EXERCISE DESCRIPTION ->
Could the listing below be reproduced exactly, minus its pictures?

INPUT DATA ->
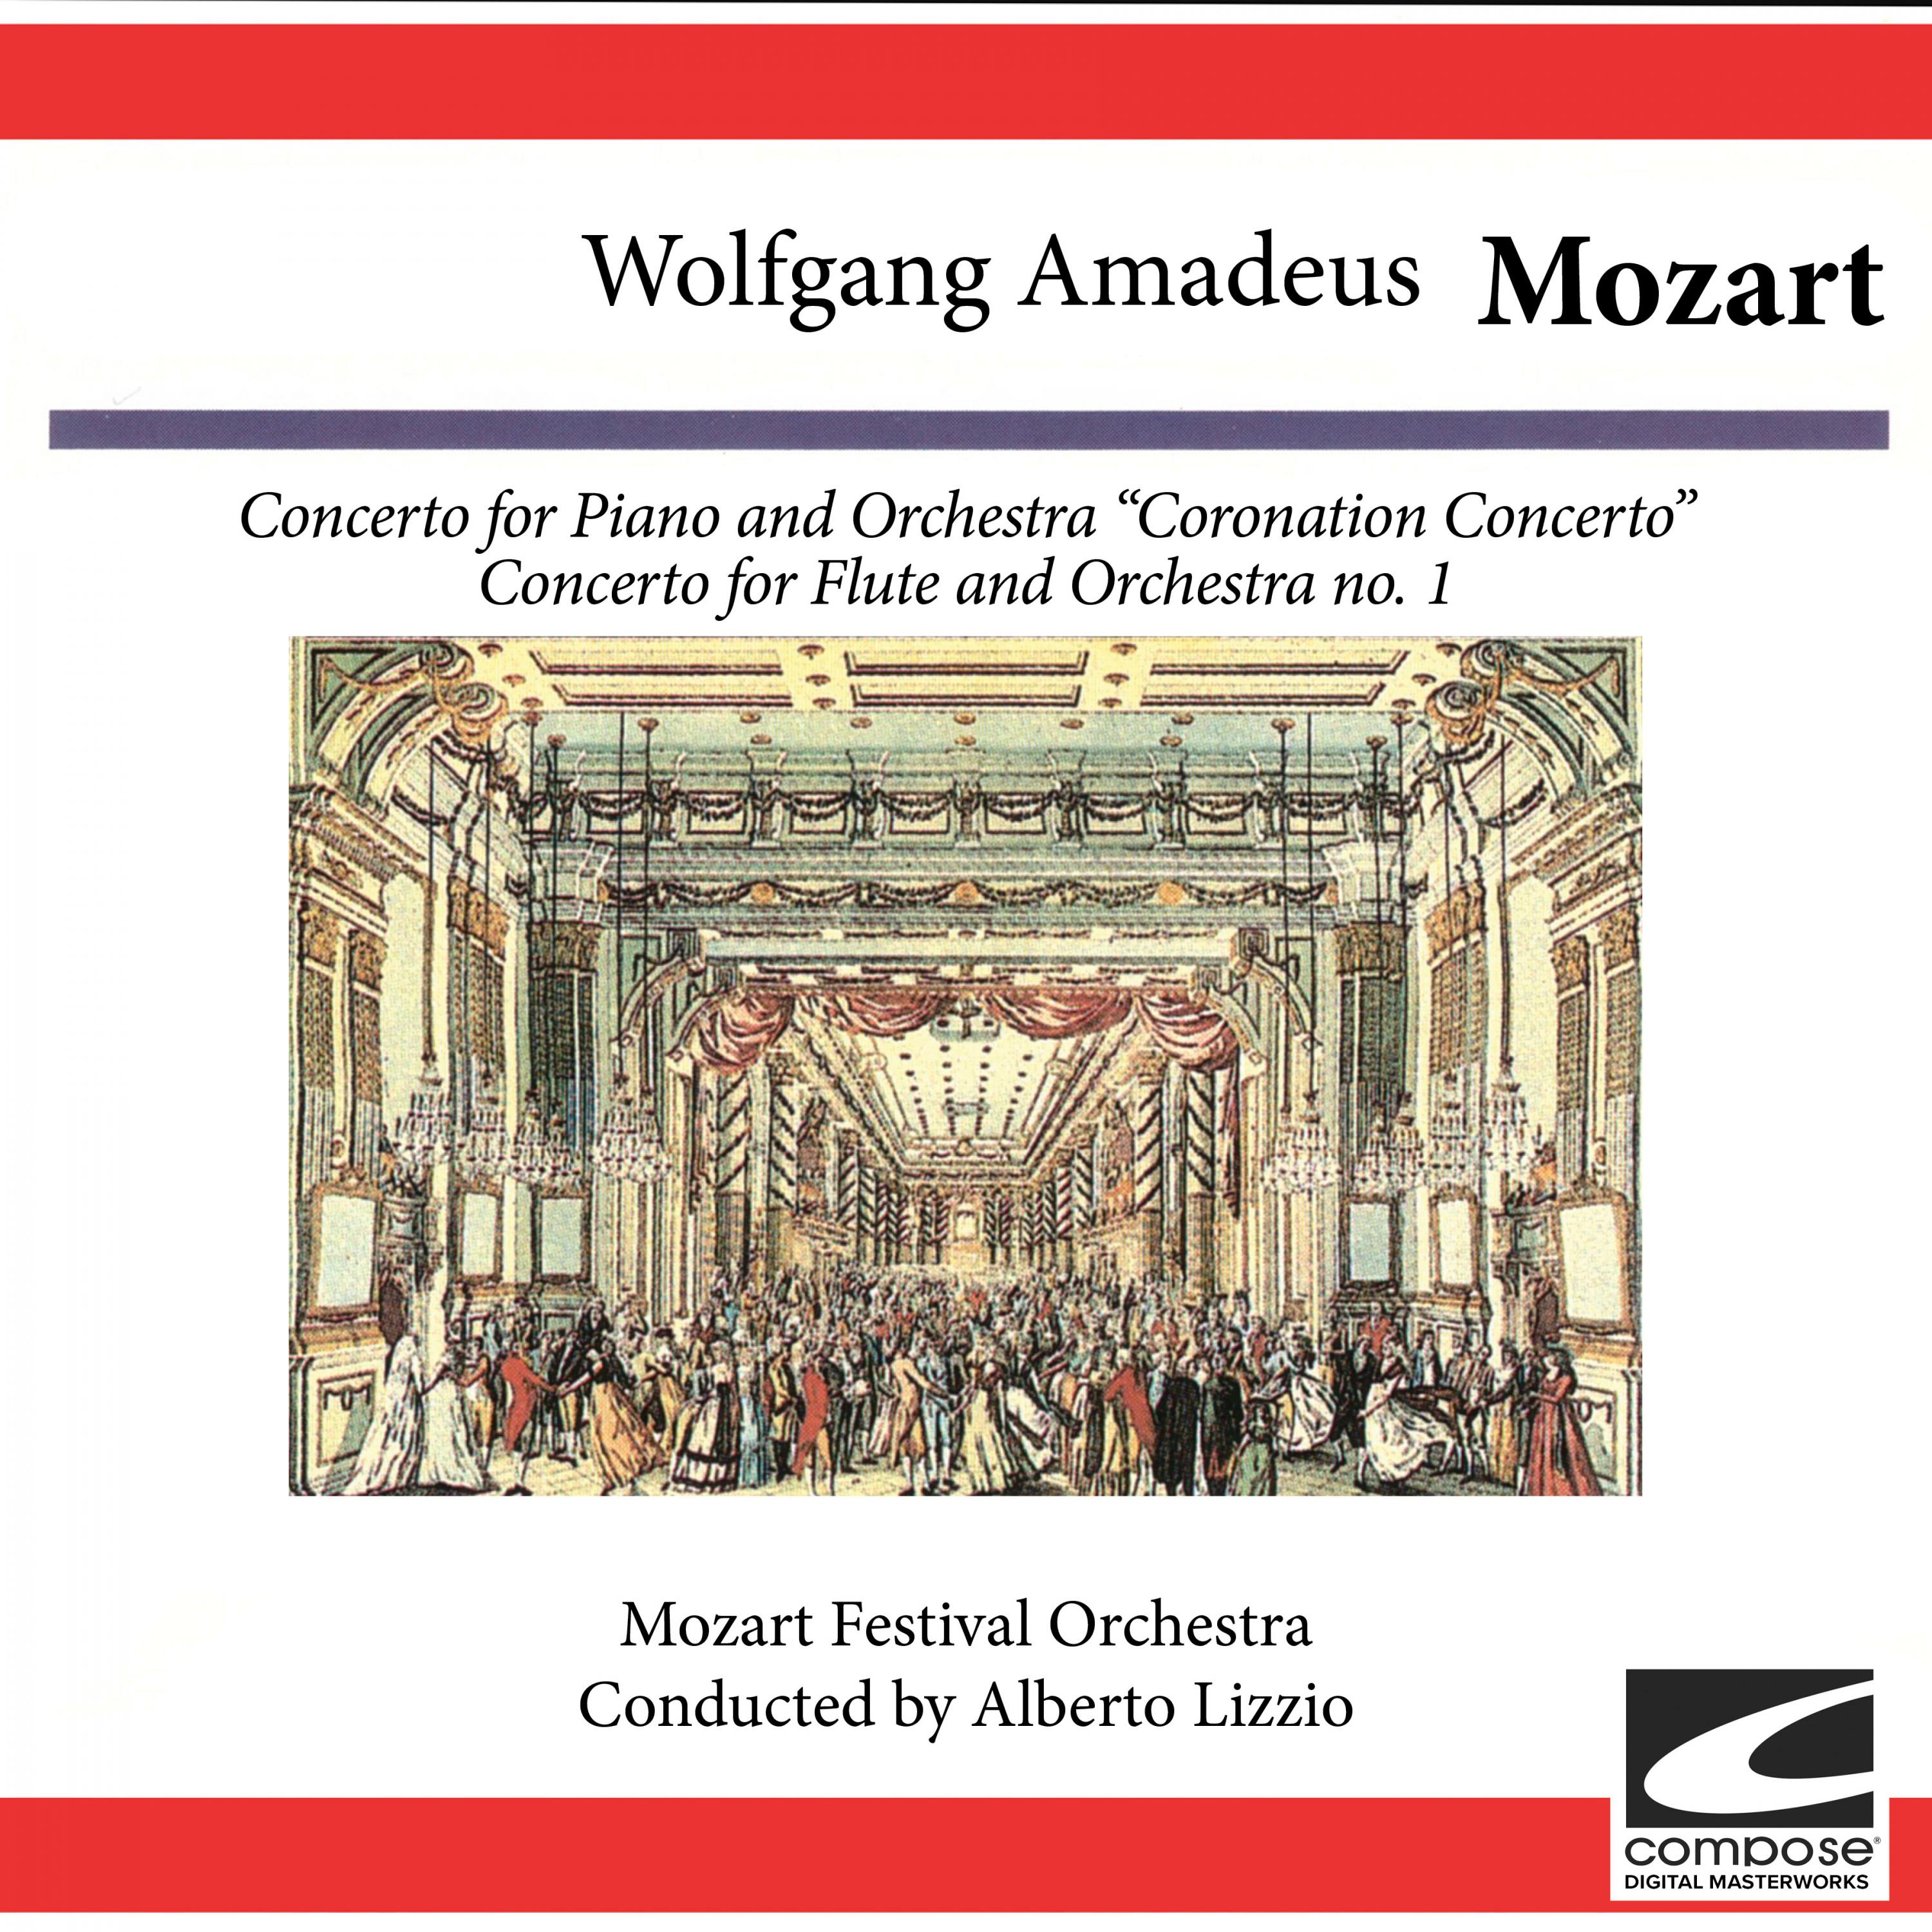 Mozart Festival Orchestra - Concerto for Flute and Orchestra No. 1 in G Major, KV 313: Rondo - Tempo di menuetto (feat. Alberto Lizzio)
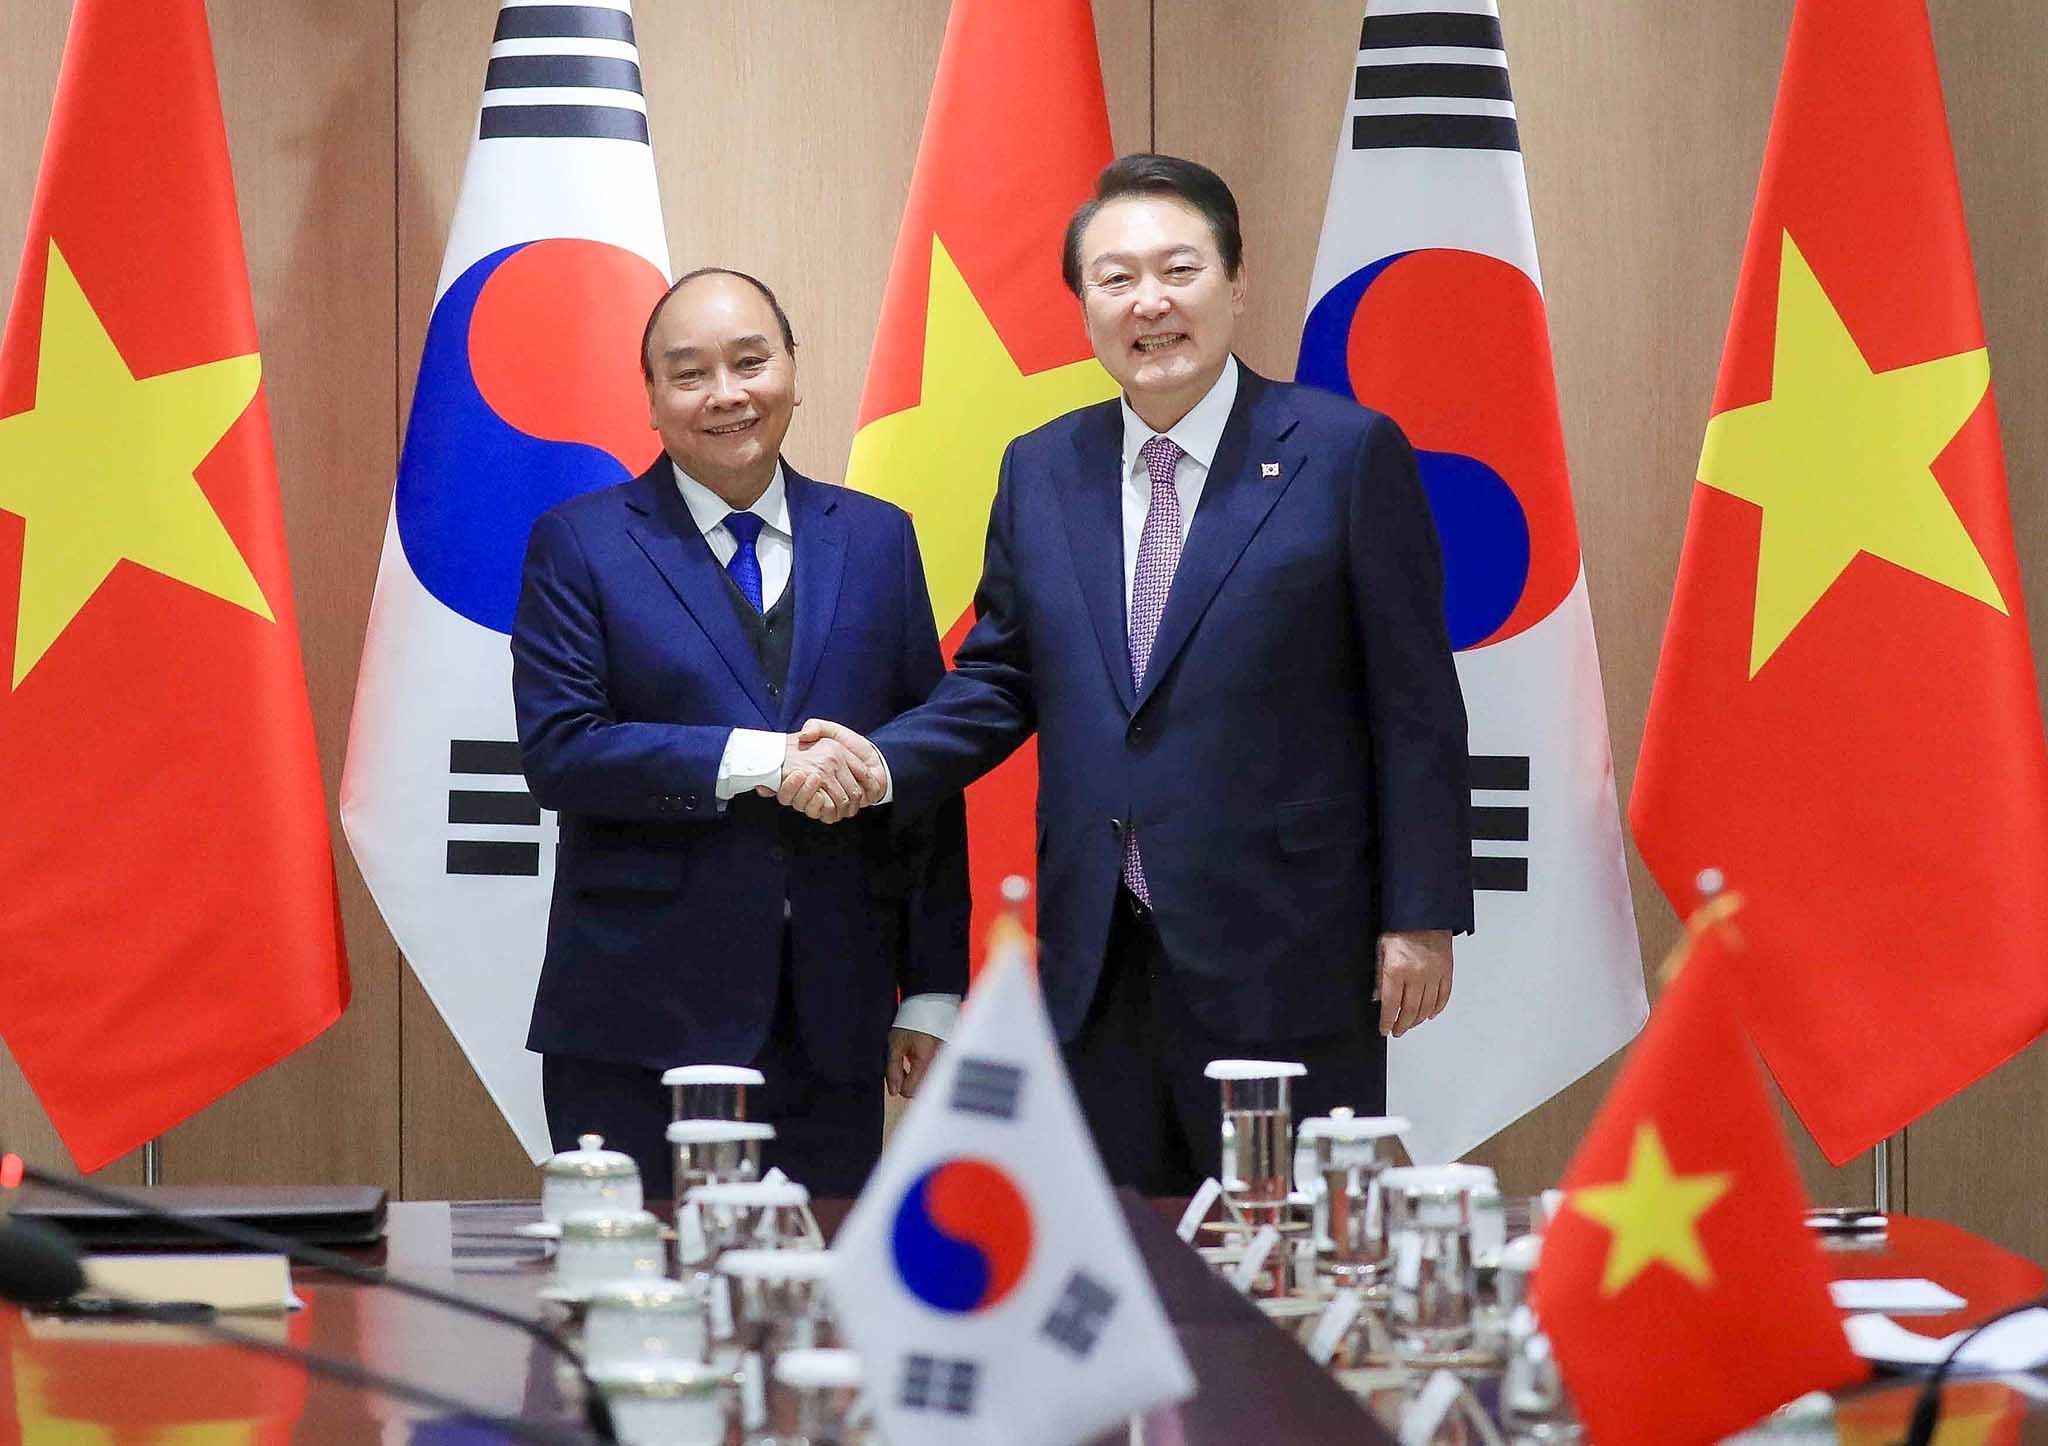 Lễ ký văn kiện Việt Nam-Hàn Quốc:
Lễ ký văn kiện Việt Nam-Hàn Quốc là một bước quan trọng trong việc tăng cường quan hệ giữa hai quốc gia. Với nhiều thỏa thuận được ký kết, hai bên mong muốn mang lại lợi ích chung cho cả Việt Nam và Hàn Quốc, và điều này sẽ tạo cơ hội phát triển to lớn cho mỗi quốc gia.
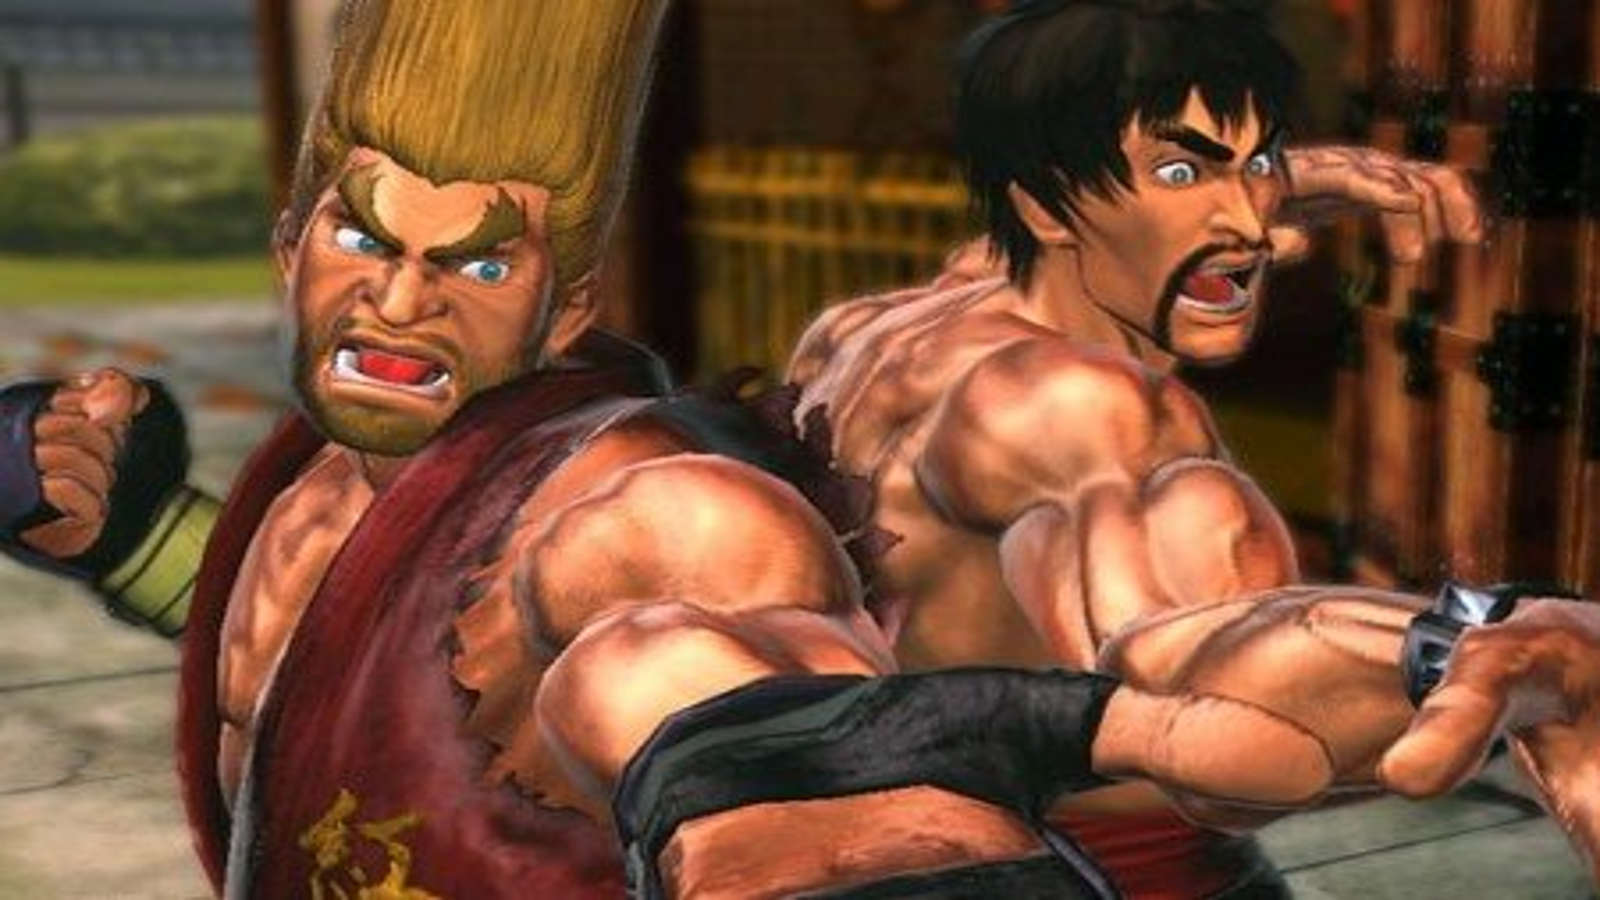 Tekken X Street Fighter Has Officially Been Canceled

ANSWER TO THIS TASK ->
 Mozart Festival Orchestra - Concerto for Flute and Orchestra No. 1 in G Major, KV 313: Rondo - Tempo di menuetto (feat. Alberto Lizzio)
 Lễ ký văn kiện Việt Nam-Hàn Quốc:
Lễ ký văn kiện Việt Nam-Hàn Quốc là một bước quan trọng trong việc tăng cường quan hệ giữa hai quốc gia. Với nhiều thỏa thuận được ký kết, hai bên mong muốn mang lại lợi ích chung cho cả Việt Nam và Hàn Quốc, và điều này sẽ tạo cơ hội phát triển to lớn cho mỗi quốc gia.
 Tekken X Street Fighter Has Officially Been Canceled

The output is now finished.